Días antes de cumplir 30 años, Bruce Willis apareció por primera vez en televisión como David Addison Jr. Pese a la resistencia de la cadena ABC –que no confiaba en su fichaje–, el actor se adueñó de uno de los papeles centrales de Moonlighting, revelándose como un carismático y astuto detective privado que se asocia con Maddie Hayes (Cybill Shepherd), una exmodelo de alta costura que se debe reinventar cuando atraviesa una crisis financiera.

La ficción cruzó con gracia el drama, la comedia y el romance, cautivando al público y a los premios, en especial durante sus primeras tres temporadas. Esa etapa inicial de la serie, antes de que viviera un brusco declive que causaría su cancelación, puso a Willis en el radar de los estudios cinematográficos.

Aunque sus primeros proyectos en la pantalla grande estuvieron lejos de ser un éxito, lucía como un nombre interesante a ojos de los productores que intentaban sacar adelante Duro de matar, los mismos que estaban frustrados porque ya habían recibido la negativa de algunos de los mayores astros de la industria, una larga lista que incluyó a Arnold Schwarzenegger, Clint Eastwood, Sylvester Stallone, Richard Gere, Burt Reynolds y James Caan. Ya sea por la extrañeza que provocaban los elementos de comedia del texto o porque los consultados deseaban hacer algo alejado del género, ninguno estaba interesado en sumarse a un proyecto que arrancaba como una adaptación de una novela de 1979 del escritor Roderick Thorp.

Años atrás, el guionista Steven E. de Souza intentó descifrar el motivo que habría impulsado a esos actores a rechazar la propuesta. “Estábamos en 1987. Tenías las películas de Rambo. Tuvimos Comando, Depredador”, indicó, sugiriendo que el protagonista de la historia probablemente no les parecía un héroe. O al menos no un héroe en la clave que dominaba en esa época: un tipo estoico, implacable y de capacidad emocional más bien limitada.

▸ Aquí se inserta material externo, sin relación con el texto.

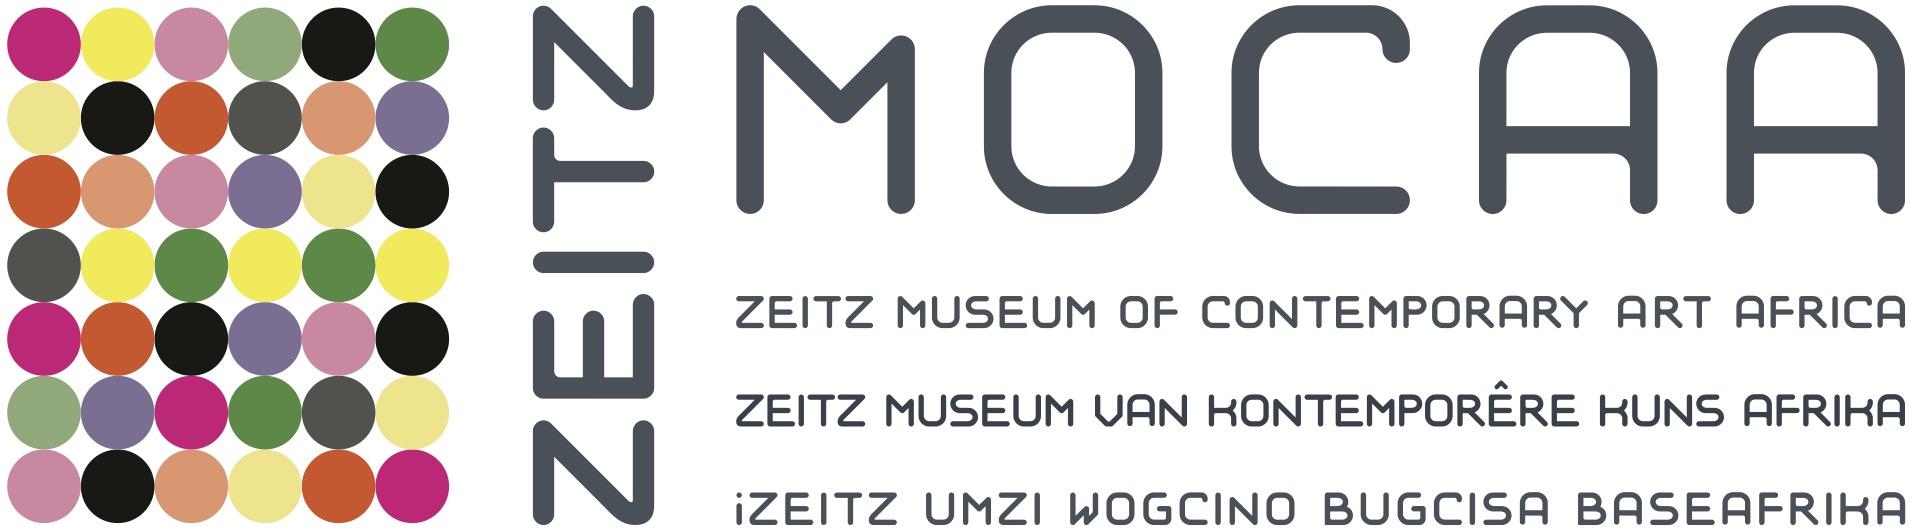 OFFICIAL_ZEITZ_MoCAA_LOGO_COLOUR01 copy.jpg

John McClane aparece como un pez fuera del agua al comienzo de la cinta. Policía de Nueva York, viaja a Los Angeles en vísperas de Navidad para intentar reconciliarse con su esposa (Bonnie Bedelia), una profesional en ascenso al interior de su empresa con sede en California. Luego de apenas alcanzar a intercambiar un par de palabras, el reencuentro de la pareja se frustra debido a que un grupo de terroristas asalta el edificio y toma como rehenes a todos los asistentes a la fiesta organizada por la compañía.

Es recién en ese momento, pasado el minuto 20 del largometraje, que el personaje principal puede comenzar a desplegar los recursos propios de un héroe de acción, luciendo a ratos tan intimidante como otros de sus contemporáneos. Y librando un duelo inolvidable con Hans Gruber, el villano al que da vida el inglés Alan Rickman. Aunque las secuencias de balaceras y explosiones son arrolladoras, la dirección de John McTiernan no pierde de vista que está dibujando a McClane como un sujeto vulnerable: un hombre que le teme a los aviones, un esposo que no ha expresado todo lo que siente, un padre en conflicto porque no vive con sus dos hijos pequeños.

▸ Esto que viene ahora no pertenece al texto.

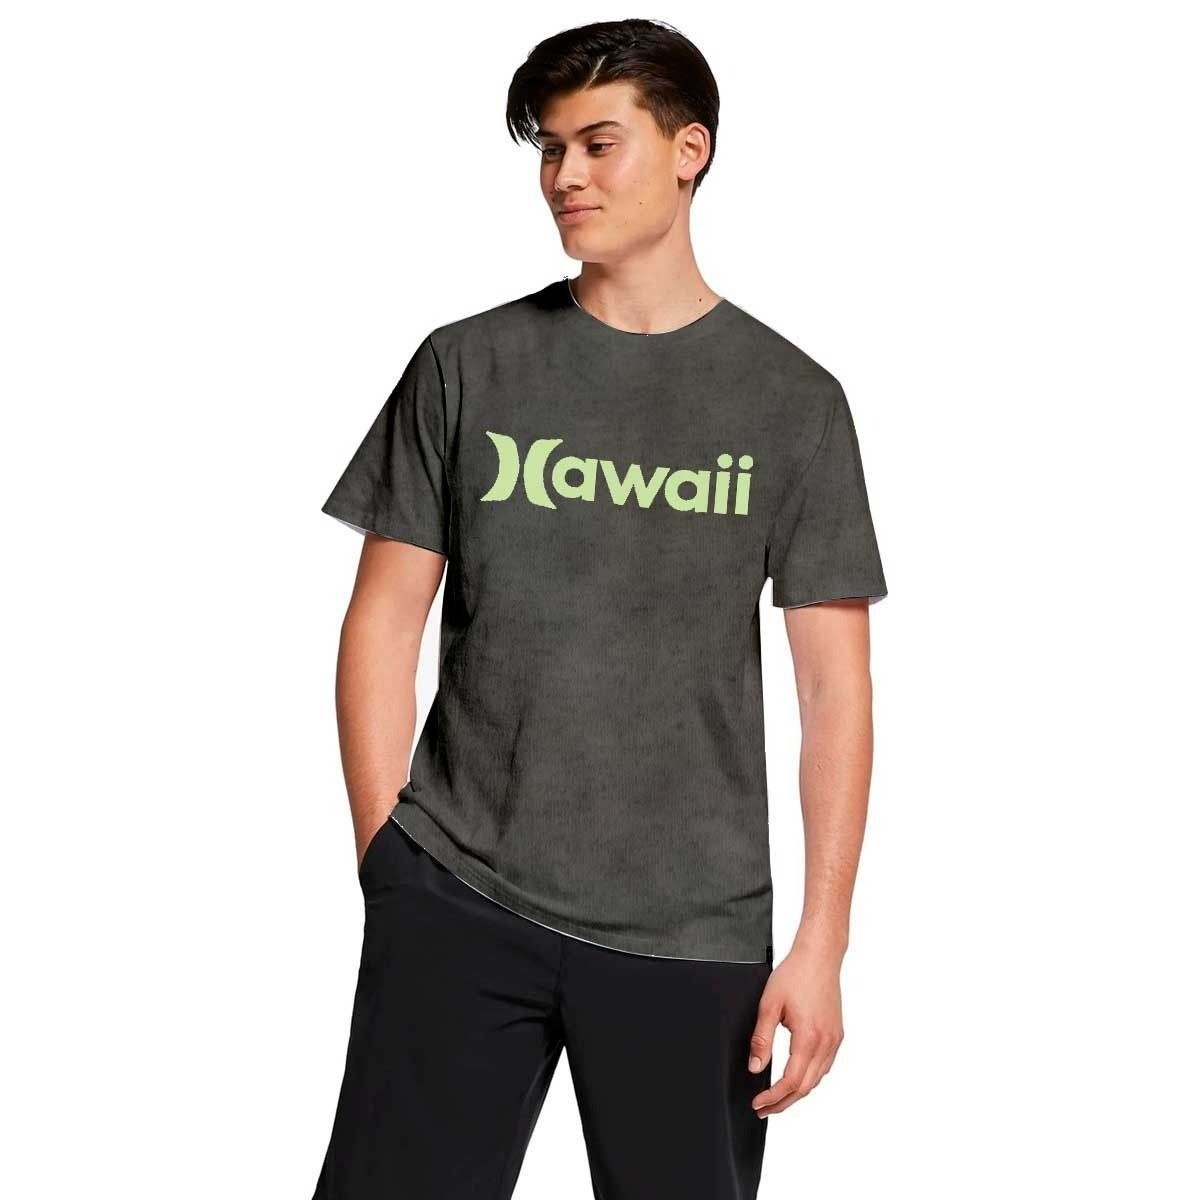 Camiseta Hurley Hawaii Silk Green

Jeb Stuart, el otro guionista de la cinta, rectificó su idea después de una fuerte discusión con su mujer y de sufrir un accidente automovilístico que podría haber resultado fatal. “De repente pensé: ‘Sé de qué se trata esta película. No es acerca de un hombre de 65 años cuya hija de 40 años es arrojada de un edificio. Es acerca de un hombre de 30 años que debería haberle dicho a su esposa que lo sentía, y luego suceden cosas malas’”, advirtió.

Esa particularidad del rol encontró en Bruce Willis al intérprete perfecto, un actor convincente como tipo duro, pero con el carisma para dotar de humanidad a un personaje cuyo principal combustible no son necesariamente los disparos y las patadas, sino que situaciones más domésticas. McClane quiere acabar con los malos, pero antes que todo desea regresar a casa. Por más empeño que pusiera su estrella, ninguna de las secuelas que convirtieron a Duro de matar en franquicia entendió de manera tan prístina ese concepto como la original.